258 - Acute Toxicity in SWOG 1706, a Randomized Trial Comparing Radiotherapy for Inflammatory Breast Cancer with and without Concurrent Olaparib
Presenter(s)
R. Jagsi1, A. Meisner2, P. Chalasani3, W. Barlow4, J. R. Bellon5, N. L. Henry6, D. Lew2, M. M. Matuszak1, J. M. Moran7, L. J. Pierce1, E. Rakovitch8, S. Reyes9, C. Speers10, J. Unger2, J. R. White11, W. A. Woodward12, R. C. Zellars13, L. Pusztai14, and P. Sharma15; 1Department of Radiation Oncology, University of Michigan, Ann Arbor, MI, 2Fred Hutchinson Cancer Center, Seattle, WA, 3George Washington University, Washington, DC, DC, 4Cancer Research and Biostatistics, Seattle, WA, 5Dana-Farber/Brigham and Women's Cancer Center, Boston, MA, 6University of Michigan, Ann Arbor, MI, 7Department of Medical Physics, Memorial Sloan Kettering Cancer Center, New York, NY, 8Sunnybrook Health Sciences Centre, University of Toronto, Toronto, ON, Canada, 9St. Joseph’s Candler, Savannah, GA, 10University of Alabama-Birmingham, Department of Radiation Oncology,, Birmingham, AL, 11The Ohio State University Wexner Medical Center, Columbus, OH, 12The University of Texas MD Anderson Cancer Center, Houston, TX, 13Indiana University Department of Radiation Oncology, Indianapolis, IN, 14Yale, New Haven, CT, 15Division of Medical Oncology, The University of Kansas Medical Center, Kansas City, KS
Purpose/Objective(s): To evaluate tolerability of combining PARP-inhibitors with breast radiotherapy (RT) given divergent findings from prior studies.

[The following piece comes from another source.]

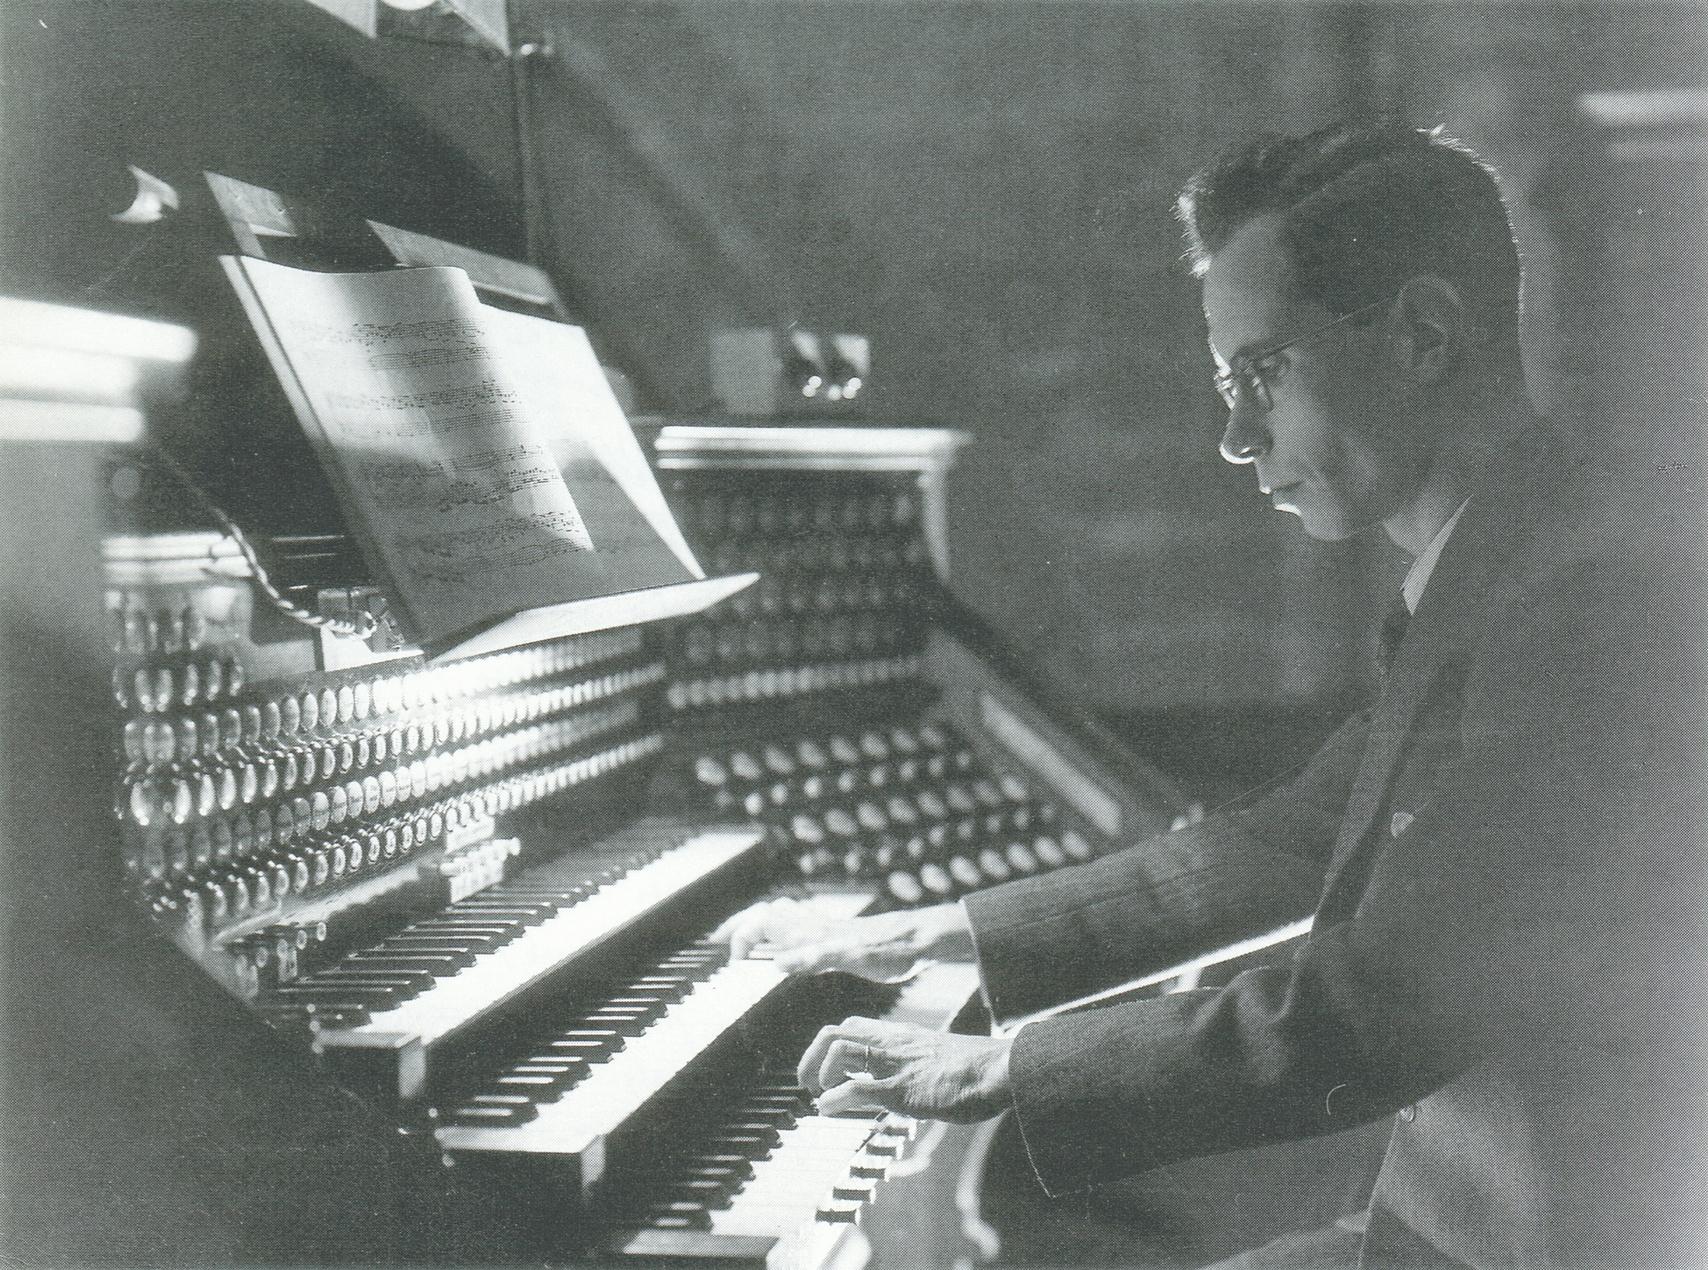 Pierre SEGOND vers 1946 au clavier de l'orgue Tschanun de la Cathédrale Saint-Pierre, une photo de Charles-Gustave Goerge, Cliquer sur la photo pour une vue agrandie et les références

Materials/Methods: From 05/19 to 06/24, we enrolled patients (pts) with inflammatory (T4d) non-metastatic (M0) breast cancer to a Phase 2 NCI cooperative group trial. After standard neoadjuvant systemic therapy and modified radical mastectomy, pts were randomized to RT+Olaparib or RT alone. The control arm was assigned 50 Gy of chest wall and nodal radiotherapy, including bolus, plus 10 Gy boost. The intervention arm was assigned the same RT regimen with 25 mg of olaparib bid daily during RT, intended for radiosensitization. Adverse events (AEs) were assessed using the CTCAE v5.0. This analysis explores the distribution of radiation dermatitis, all acute toxicity in the breast region (including skin and subcutaneous tissue AEs, folliculitis, skin infection, “injury/poisoning” AEs including RT dermatitis and wound complications, and breast or chest wall pain), and other AEs during RT by study arm, where the AEs were deemed possibly, probably, or definitely treatment-related. Chi-squared tests were used to compare proportions.
Results: Among 146 evaluable participants (73 control, 73 intervention), median age was 54.1. Grade 3+ radiation dermatitis was reported in 24.7% of patients in the intervention arm and 5.5% in the control arm (p=0.003). When considering all acute breast AEs, 24.7% had grade 3+ acute breast toxicity in the intervention arm vs 6.8% in the control arm (p=0.006). Acute breast AEs of any grade in the intervention arm included skin and subcutaneous tissue AEs in 43.8% (47.9% in controls), folliculitis in 1.4% (0% in controls), skin infection in 1.4% (0% in controls), “injury/poisoning” AEs in 71.2% (80.8% in controls), and breast or chest wall pain in 30.1% (32.9% in controls). One pt on the intervention arm (later noted to have a MUTYH mutation) had early, dense, confluent telangectasia throughout the 50 Gy fields with radiation induced lichenoid dermatitis. Intervention arm patients were more likely to experience any grade of GI toxicity (45.2% vs 26.0%, p=0.025) and laboratory investigation abnormalities (19.2% vs 0%, p<0.001).
Conclusion: Consistent with American trials of veliparib and rucaparib, and contrasting with a French trial of olaparib that used considerably higher doses of olaparib (up to 200 mg bid) with different RT techniques and had only 8.3% acute radiation dermatitis, this study, limited to inflammatory disease, suggests a clinically relevant increase in toxicity with concurrent administration of breast and nodal RT with bolus and boost even with low dose olaparib (25 mg bid). As PARP inhibitors become more commonly used, caution is appropriate, particularly if considering concurrent administration during breast radiotherapy outside of the investigational context.